Ich kann mich noch dunkel an die Heldengeschichten mancher Kriegsteilnehmer erinnern und auf andere, die aufgehört haben zu reden und als Spinner bezeichnet wurden. Junge Männer, die ihre Jugend im Krieg verbracht haben, die man gezwungen hat, Menschen zu töten, die ihnen nichts angetan haben. Die man dazu gebracht hat, andere zu hassen und ihnen damit die Legitimation zum Töten gegeben hat. Wir Kinder haben diese Geschichten gehört und unsere Ohren gespitzt, wenn vom Krieg die Rede war. Über Gräueltaten wurde nicht gesprochen, auch nicht über die Ermordung von Juden. In den Büschen haben wir nach Gewehren, Bajonetten und Helmen gesucht. Damit haben wir gespielt, auch mit Munition und es ist einiges davon in die Luft geflogen und immer wieder gab es Verletzte. Was aber alle nach dem Krieg verbunden hat, war die gemeinsame Armut. Keiner hatte besonders viel, alle versuchten recht und schlecht durchs Leben zu kommen. Schokolade, Orangen und Bananen gab es, wenn, dann zum Geburtstag oder zu Weihnachten. Sonst Selbstgemachtes – und Fleisch, wenn, dann einmal die Woche. Männer ausgenommen, die mühsam ihr im Krieg verlorenes Gewicht wieder hinaufgegessen und nicht selten damit auch übertrieben haben. Neid und Missgunst gab es nicht. Autobesitzer wurden nicht beneidet, sondern bewundert. Fernsehgerätebesitzer haben die Fernseherlosen bei sich mitschauen lassen. Ende der 60er und Anfang der 70er-Jahre waren wieder alle gut im Futter oder auf gut österreichisch „blad“. Alles hat geraucht und getrunken, Sport gab‘s nur auf dem Fußballplatz. Ein paar Privilegierte spielten Tennis. Das war‘s dann auch schon. Mein Vater hat damals einmal zu mir gesagt: „Immer, wenn ich einen Dünnen sehe, glaube ich, der ist krank.” Das Wirtschaftswunder kam, die Leute haben immer weniger miteinander geredet und mit steigender Fernseherdichte hat die Zahl jener abgenommen, die abends auf der Gasse miteinander getratscht haben. Irgendwann verschwand das Leid aus den Gesichtern der Menschen, der Witwen und Kriegswaisen, der Soldaten. Sie sterben und nehmen ihr Geheimnis mit ins Grab. Zu schrecklich wäre es, das Erlebte zu erzählen und es noch einmal erleben zu müssen. Die Generation, die nicht im Krieg war, beginnt ihr eigenes Leben zu leben. Frei von den Dämonen der Vergangenheit.

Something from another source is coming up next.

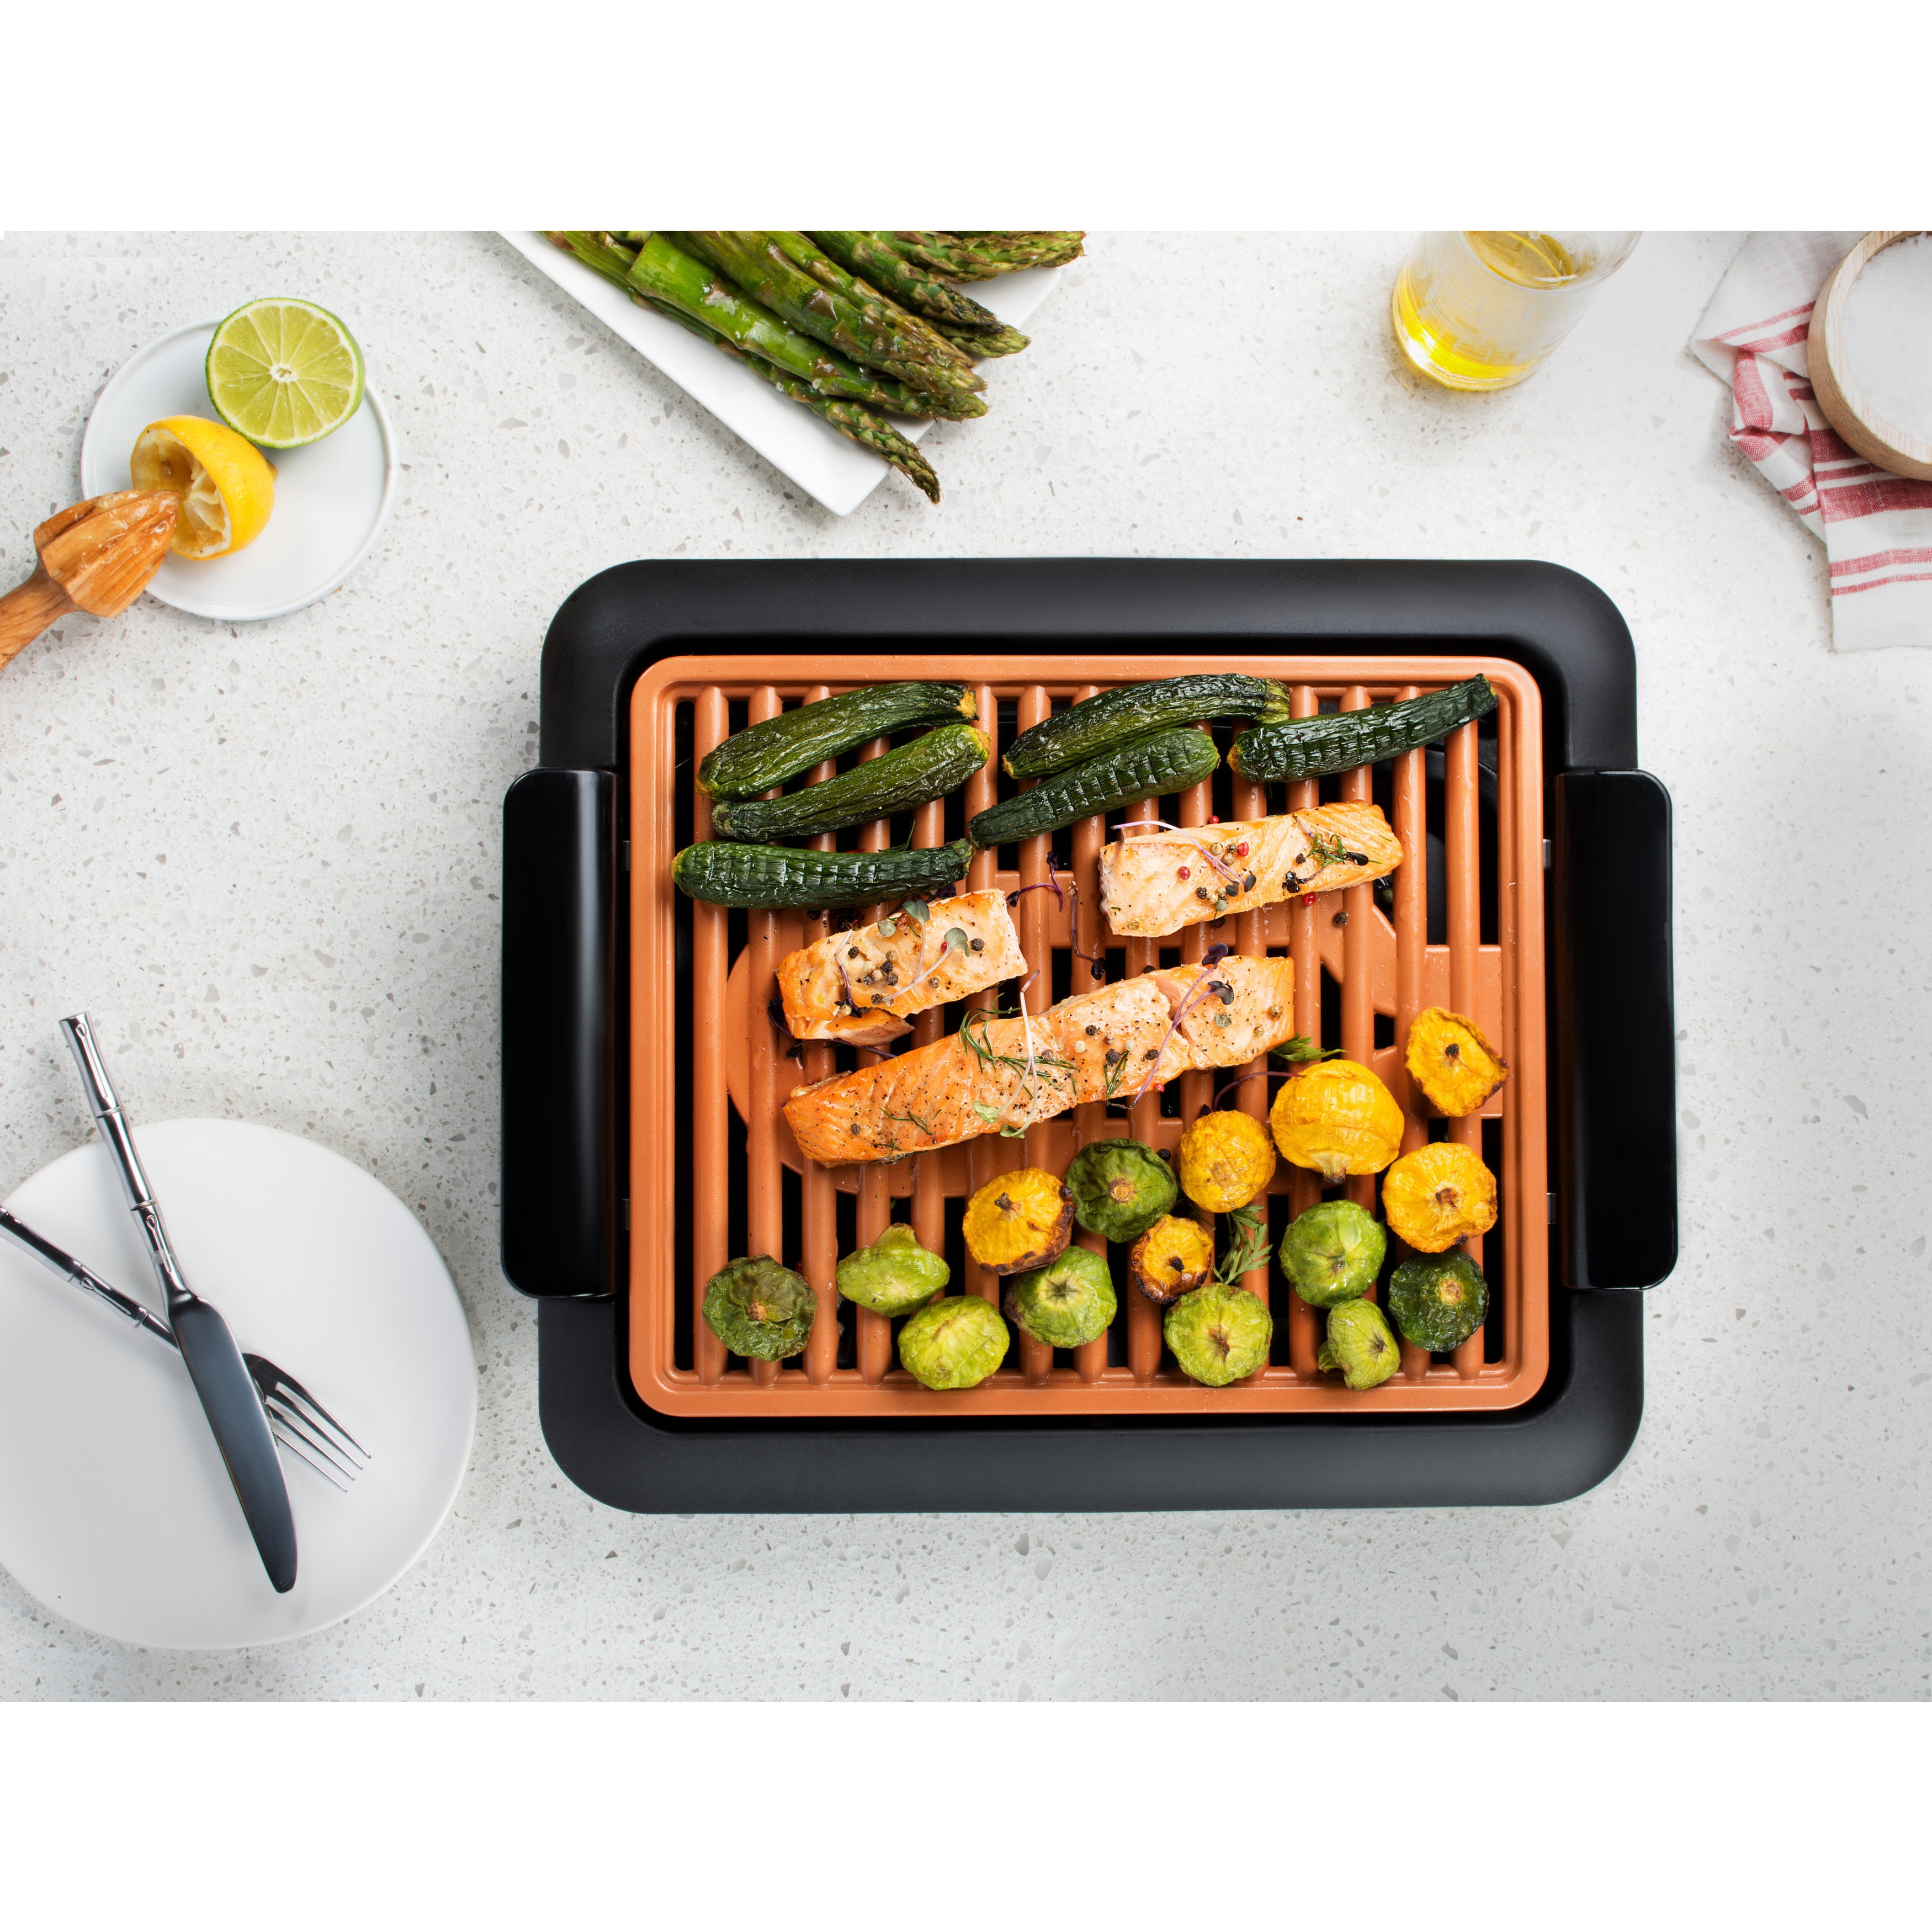 https://ak1.ostkcdn.com/images/products/17653184/Gotham-Steel-Copper-Non-stick-Indoor-Electric-Smokeless-Grill-9c764cea-0f9d-4280-9335-9bf9f99022ec.jpg

All das steht den Menschen in der Ukraine noch bevor. Bis dahin werden noch viele sterben. Unschuldige, die nichts anderes wollen als das, was alle vernünftigen Menschen dieser Erde wollen – in Frieden und Sicherheit ein menschenwürdiges Dasein haben.

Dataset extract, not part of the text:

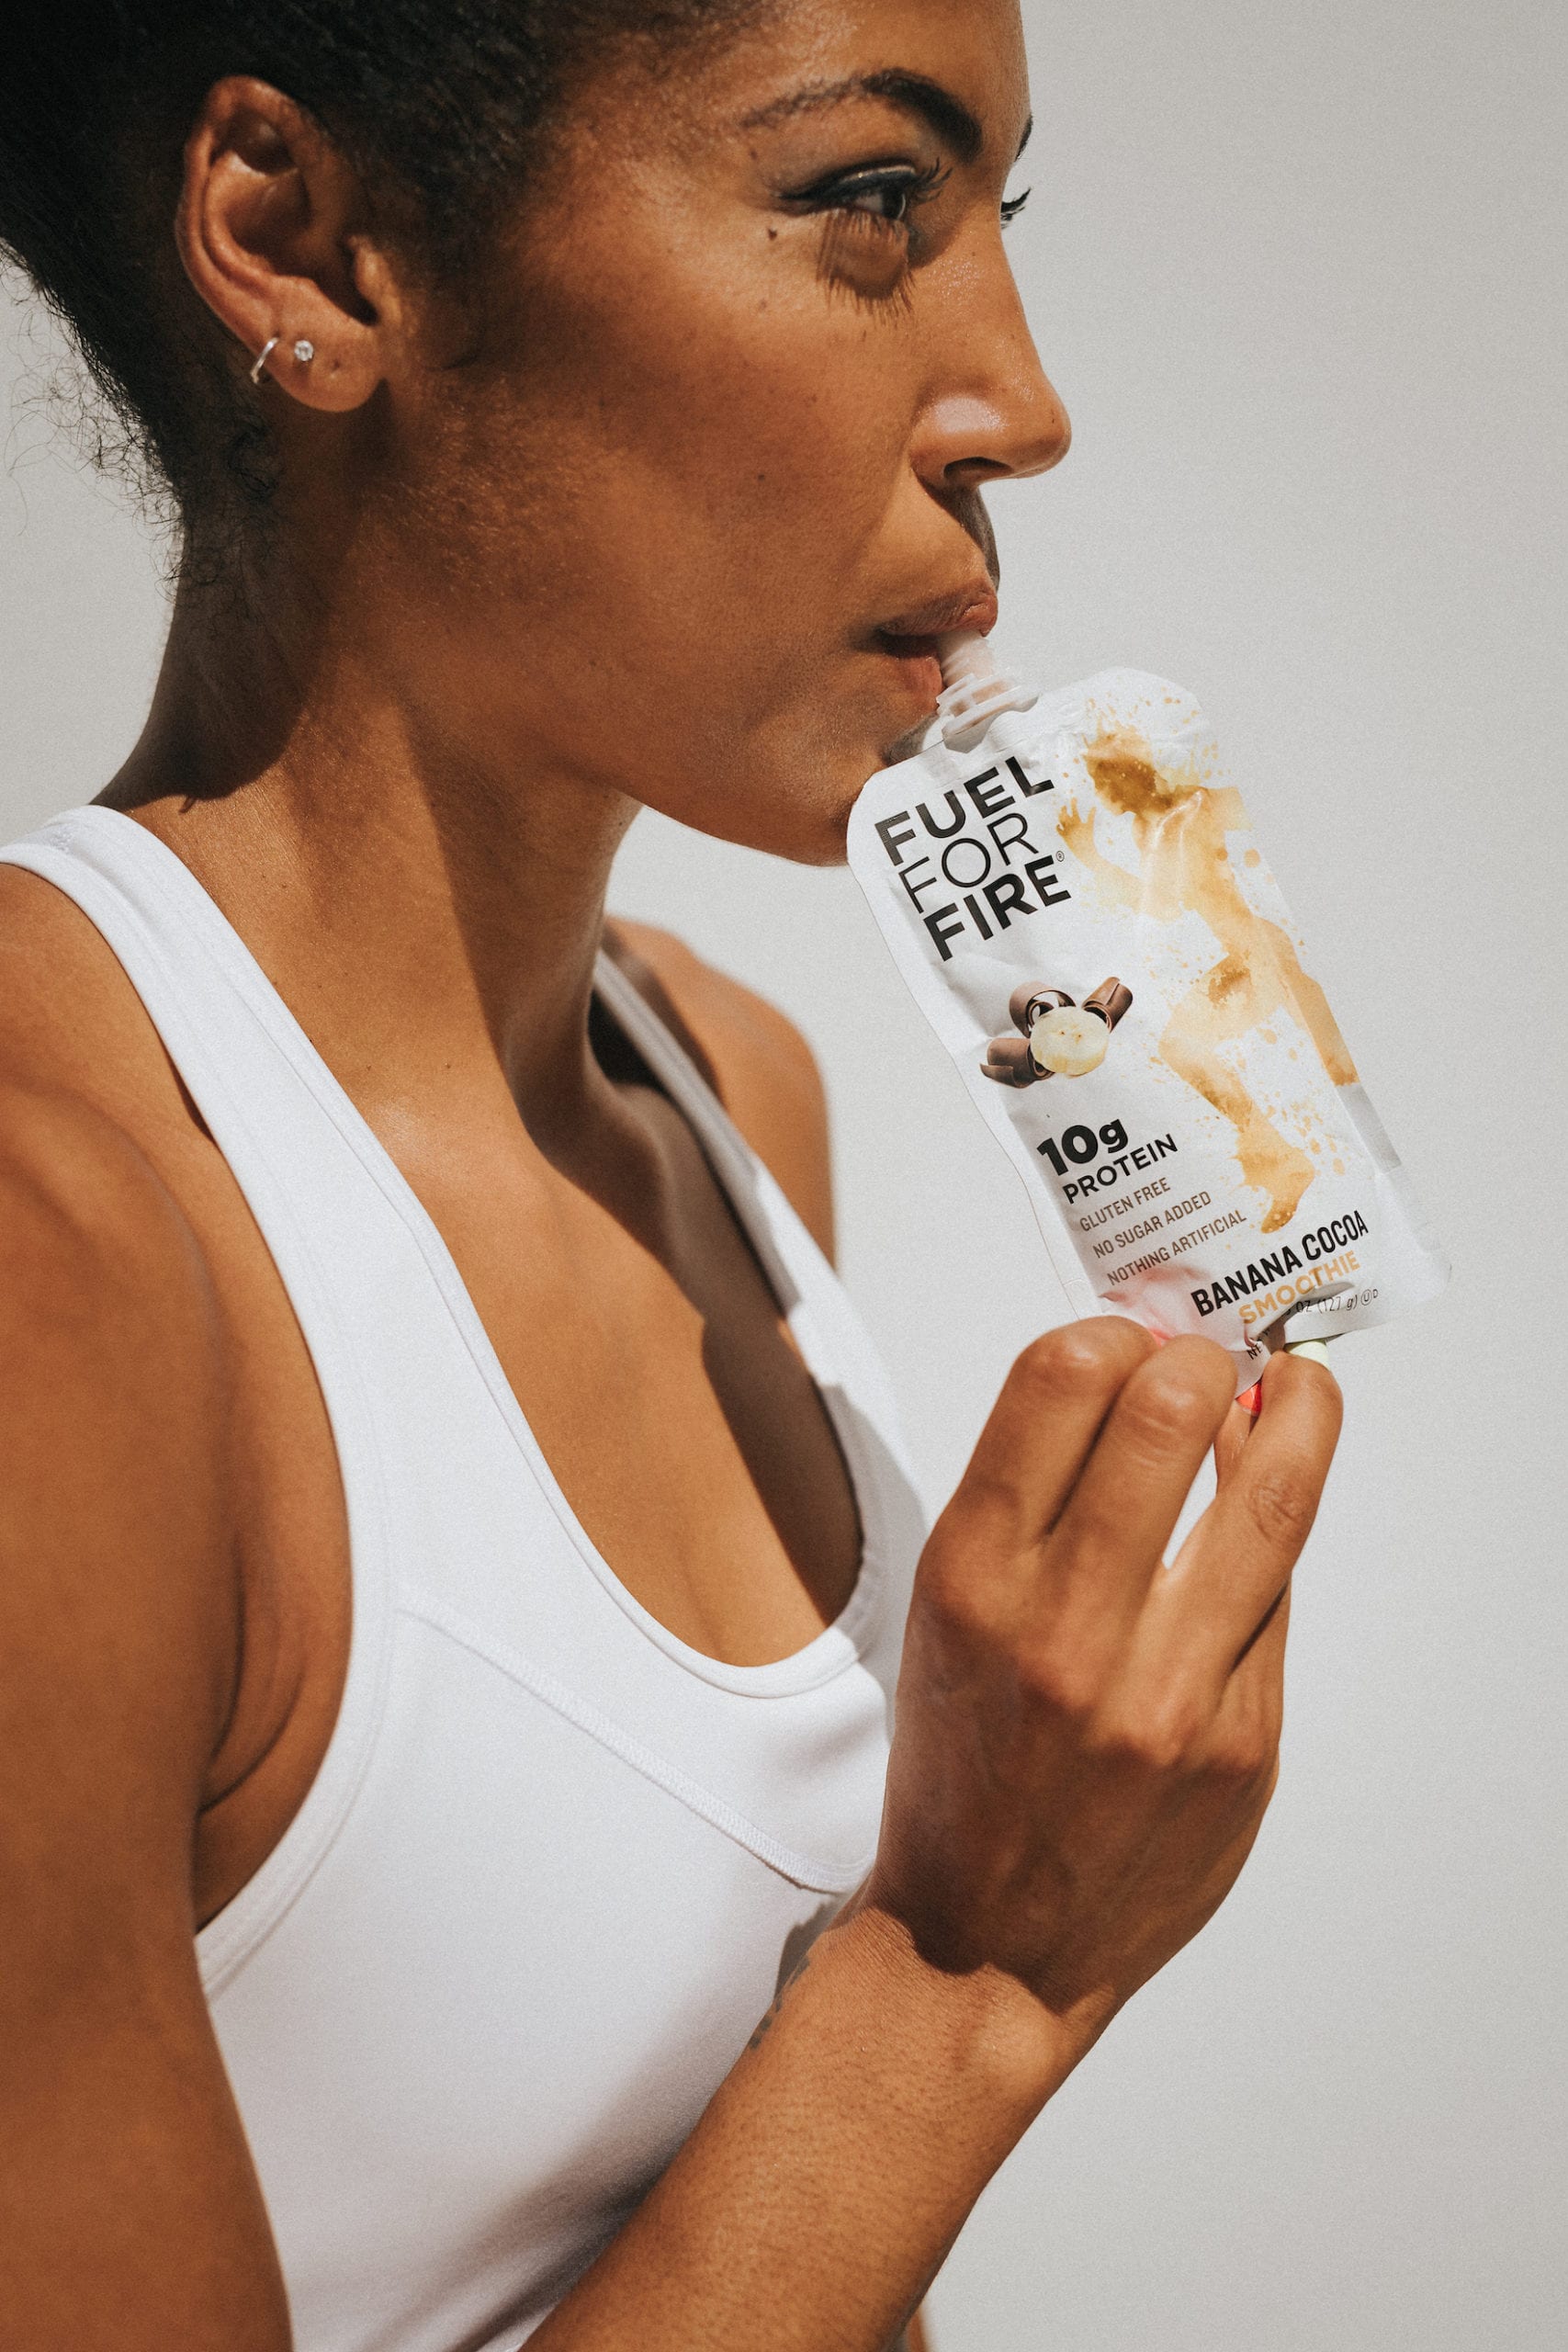 Karelle Edwards side profile closeup headshot of her drinking from a packet of Fuel for Fire Banana Cocoa smoothie

Zum Abschluss noch einige Zeilen aus einem Gedicht des russischen Nationaldichters Jewgeni Jewtuschenko:

Tropfen von Blut
Die zur Erde fallen
Sind die giftigen Samen
Aus denen Bäume des Todes wachsen
Die mit denselben Blutstropfen
Befleckt sind.
Nicht Menschen sterben:
Welten hören auf

Ich hoffe auf eine bessere Zukunft für die Ukraine und wünsche mir von unseren Politikern den Mut zu haben, auch Unpopuläres zu sagen, wenn es der Wahrheit entspricht.
Wir leben nicht auf einer Insel der Seligen, wir leben in geänderten Zeiten.

In diesem Sinne:
Möge es Frieden für diese, unsere einzige Welt geben – und uns möge ein schöner Sommer bevorstehen.